Your instructions: Copy the listing as it is written, and leave each picture out.

Data shown:
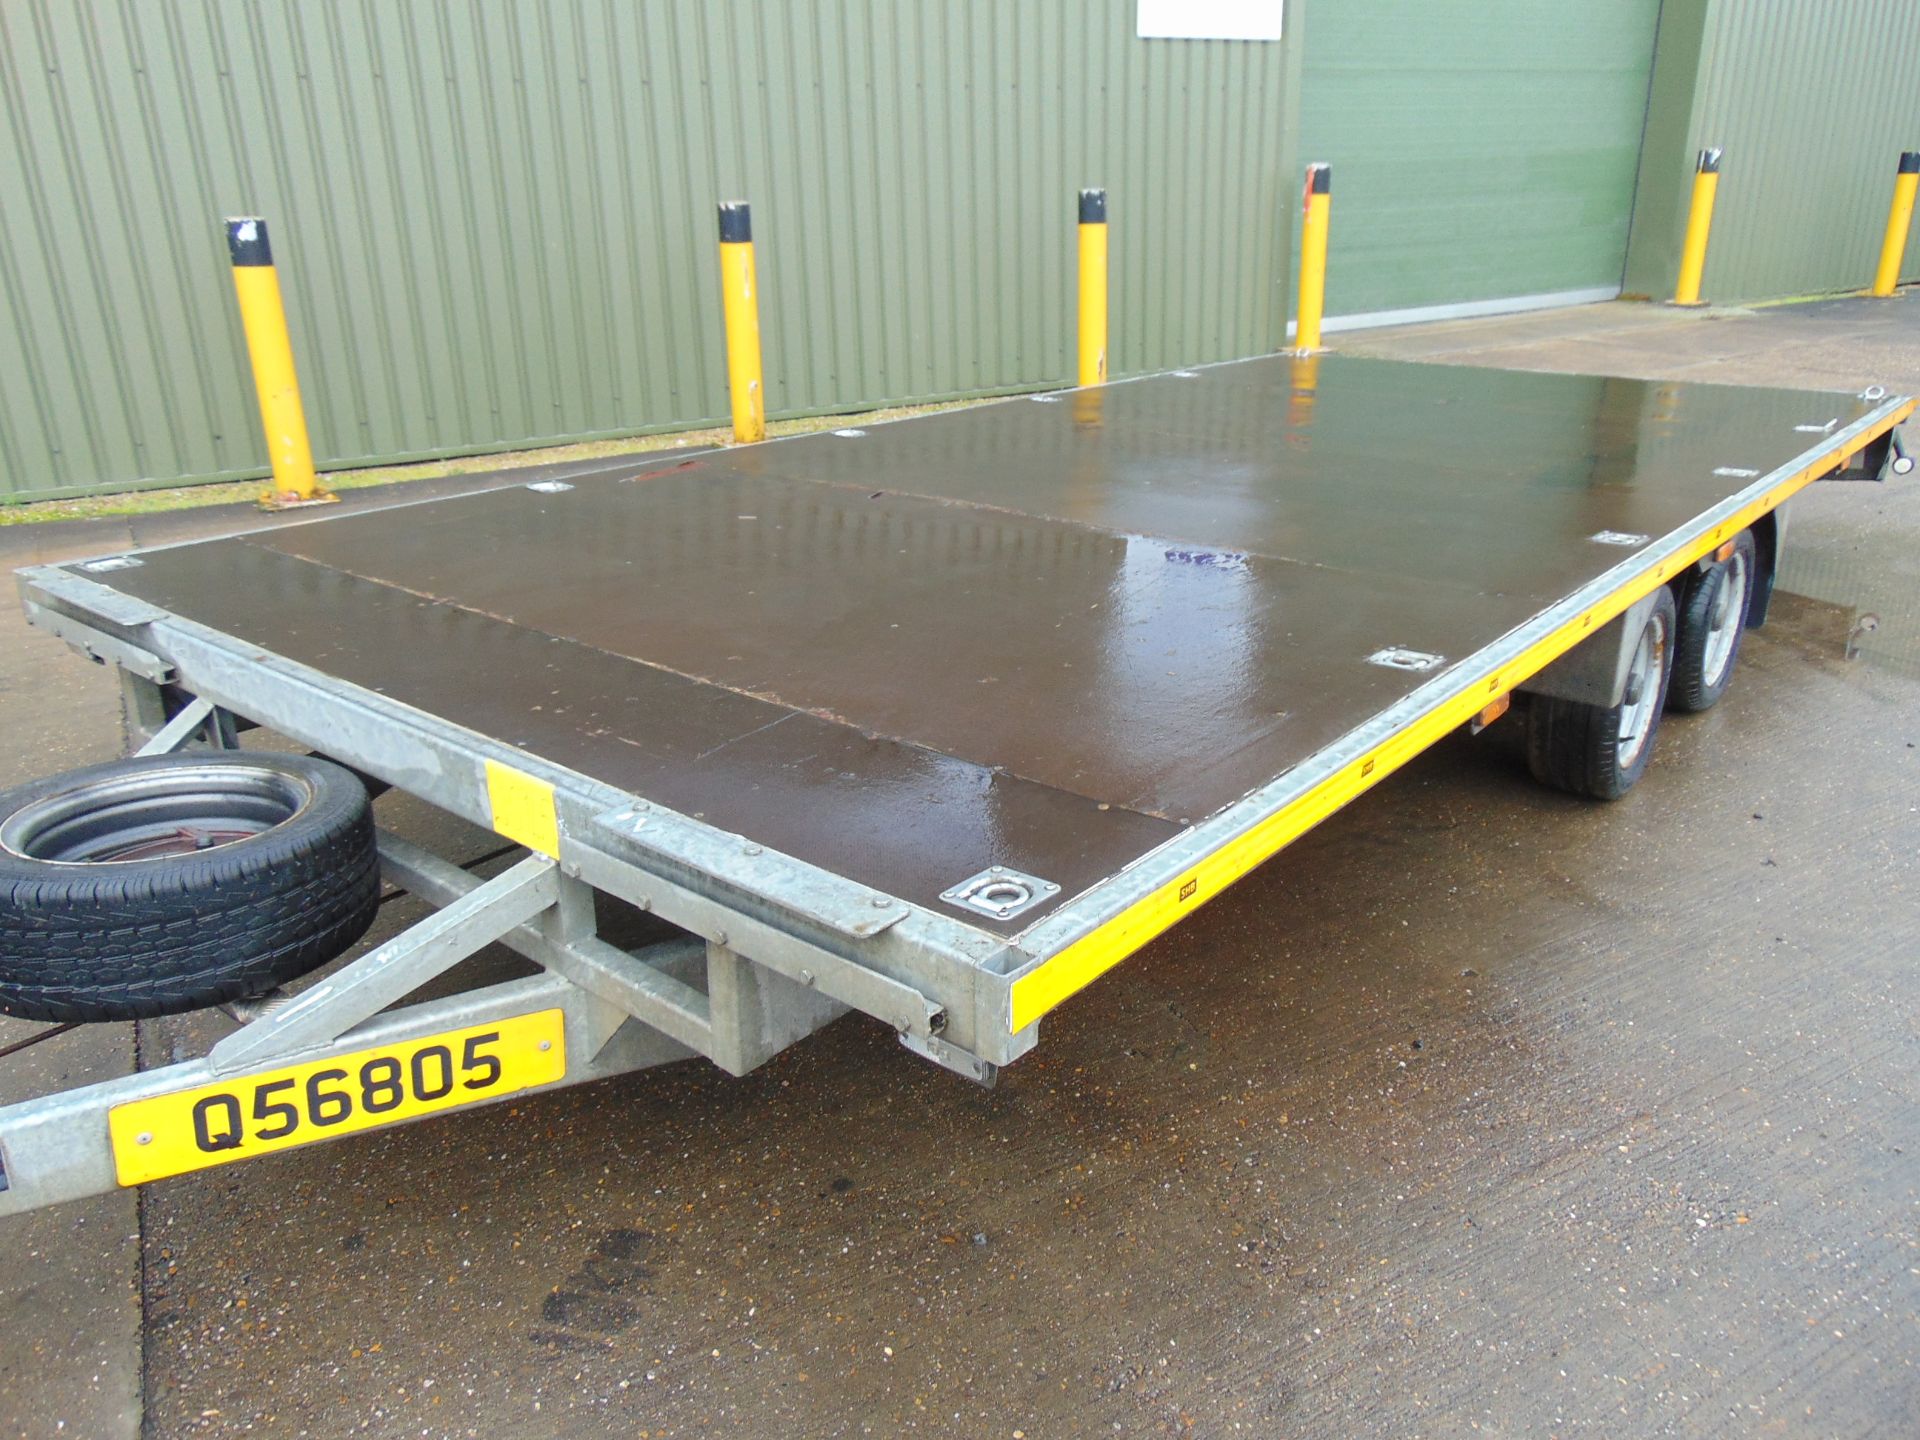 Bateson Twin Axle Flatbed 3.5 Tonne Transporter Trailer with Ramps bed dimensions L 5.8m x W 2.5m - Image 7 of 14
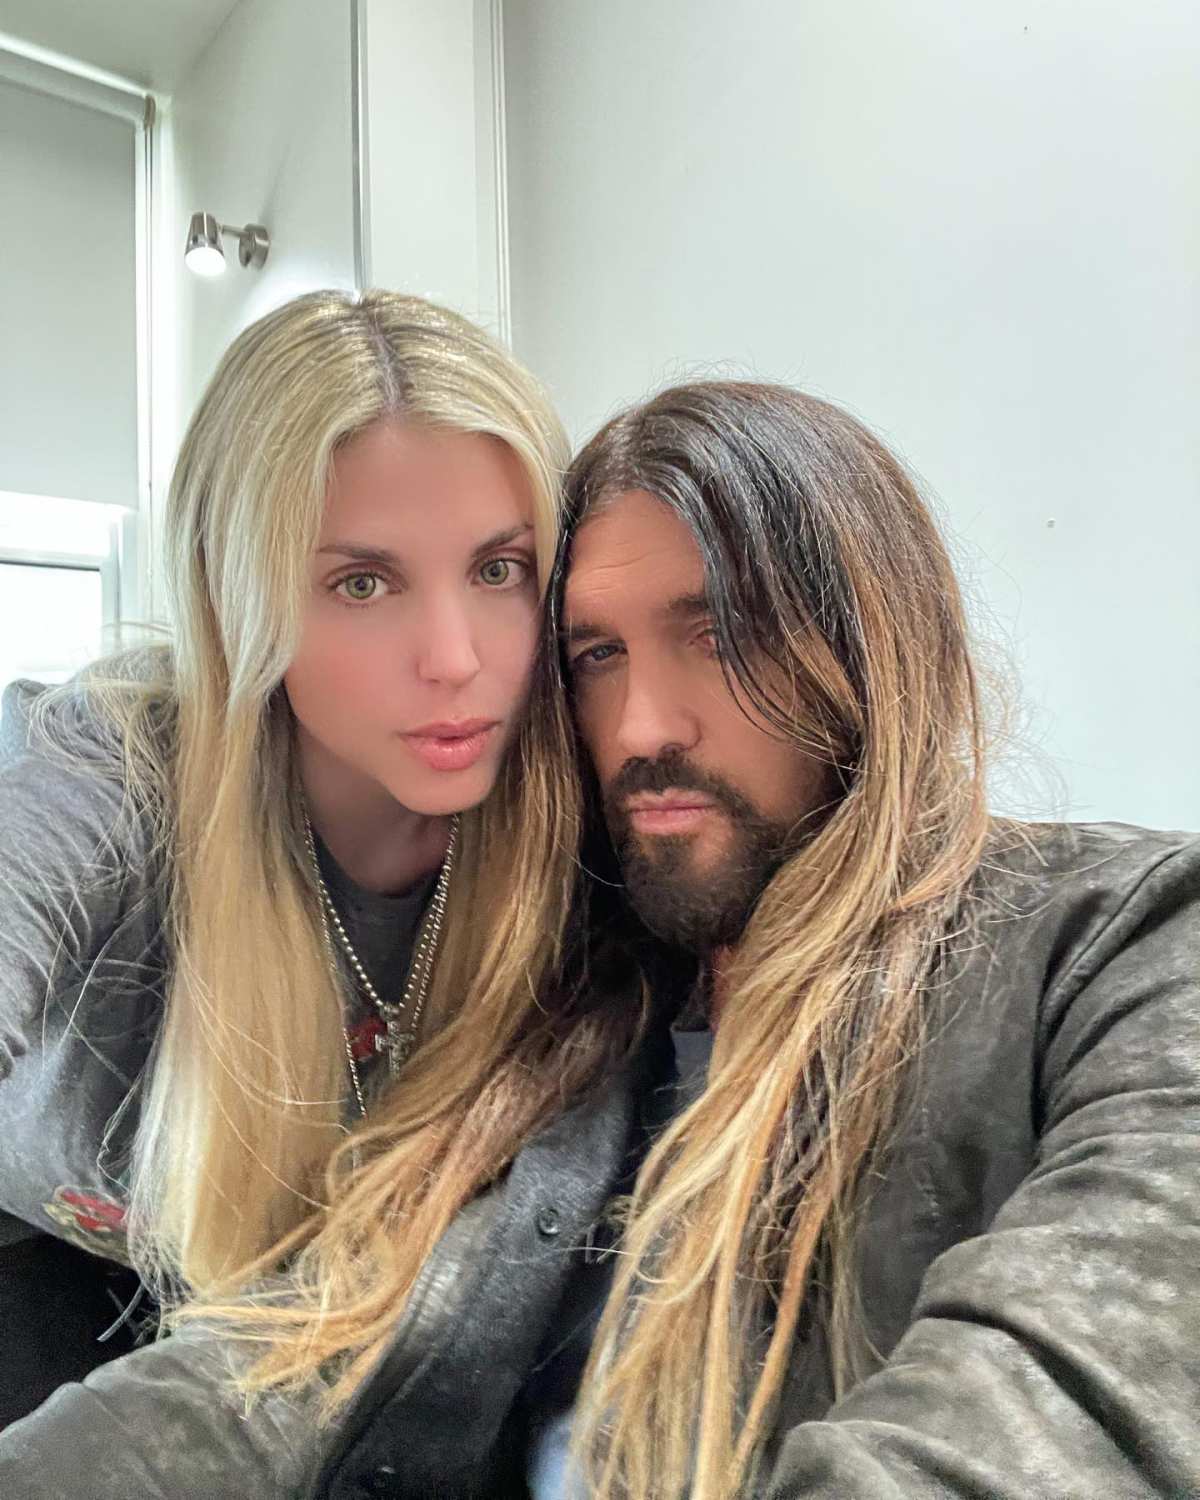 Firerose: 5 Things to Know About Billy Ray Cyrus' New Girlfriend
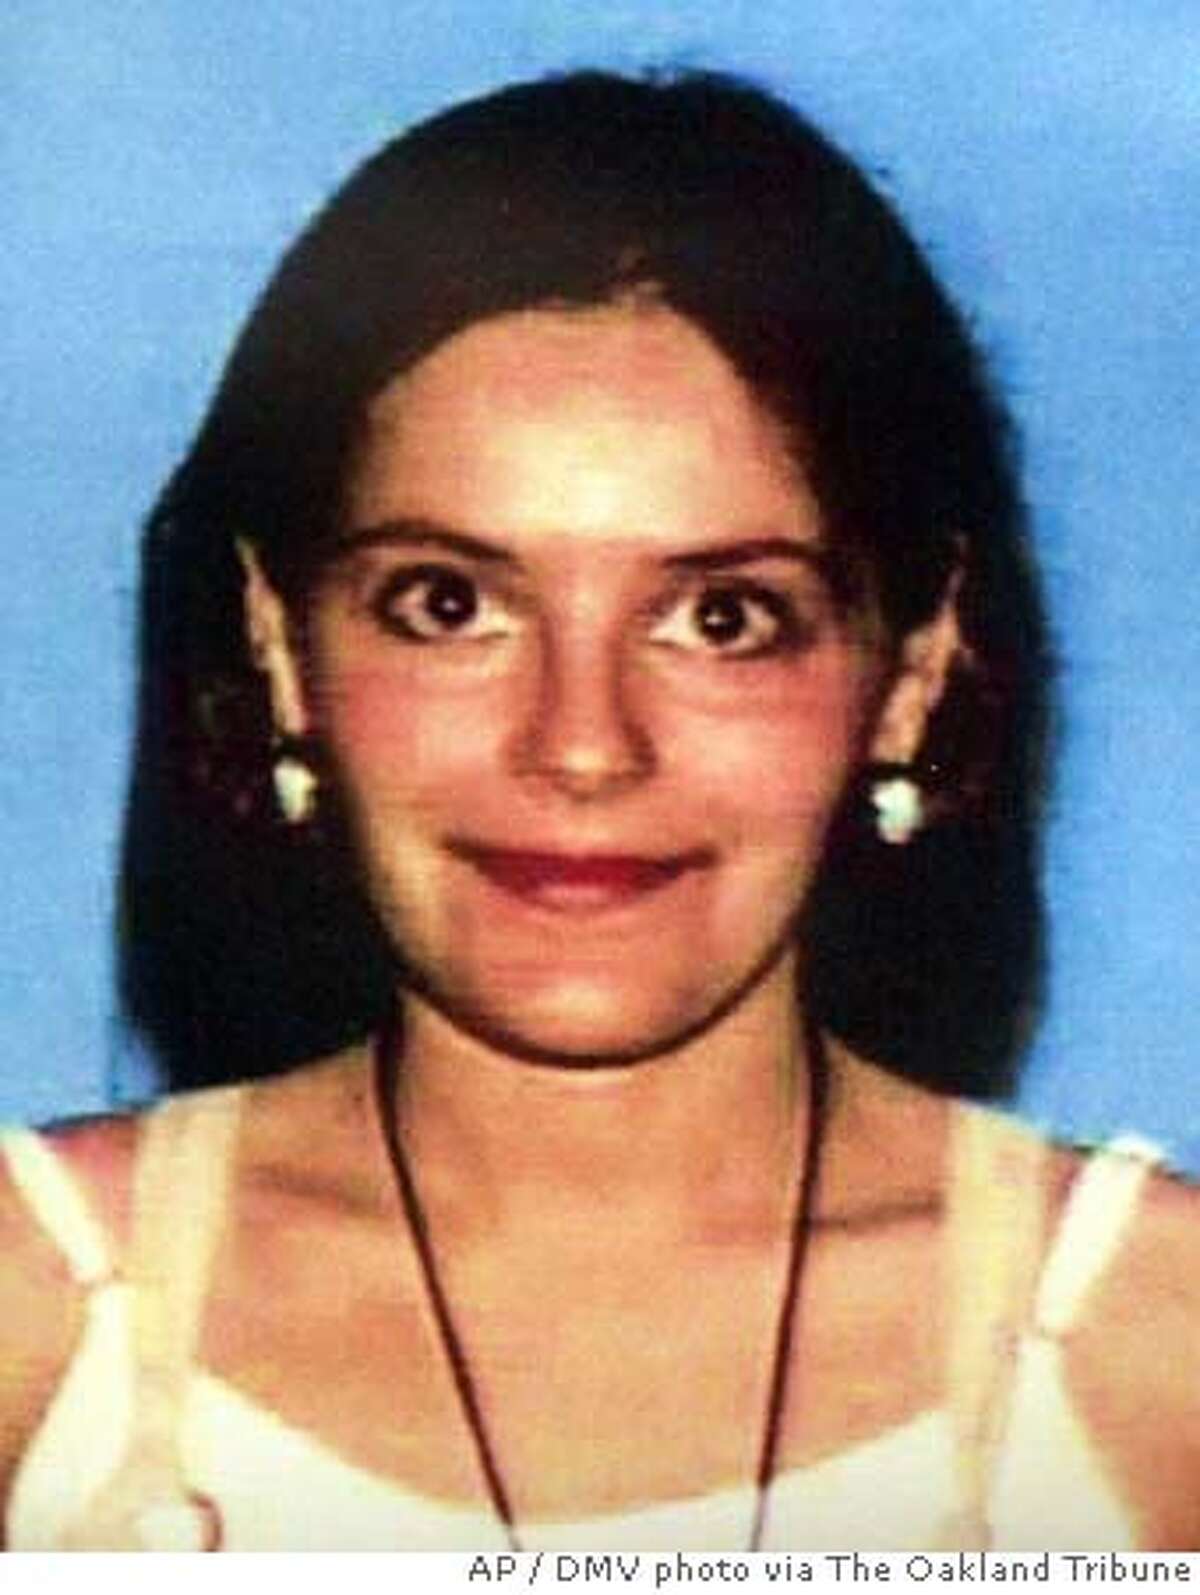 In this 1999 California DMV photo, Nina Reiser, who has been missing since Sept. 3, 2006, is shown On Tuesday, Oct. 10, 2006, Oakland, Calif., Deputy Chief Howard Jordan said they have charged her husband, Hans Reiser, on suspicion of murder. (AP Photo/DMV photo via The Oakland Tribune, )

Your solution:
 Bateson Twin Axle Flatbed 3.5 Tonne Transporter Trailer with Ramps bed dimensions L 5.8m x W 2.5m - Image 7 of 14
 Firerose: 5 Things to Know About Billy Ray Cyrus' New Girlfriend
 In this 1999 California DMV photo, Nina Reiser, who has been missing since Sept. 3, 2006, is shown On Tuesday, Oct. 10, 2006, Oakland, Calif., Deputy Chief Howard Jordan said they have charged her husband, Hans Reiser, on suspicion of murder. (AP Photo/DMV photo via The Oakland Tribune, )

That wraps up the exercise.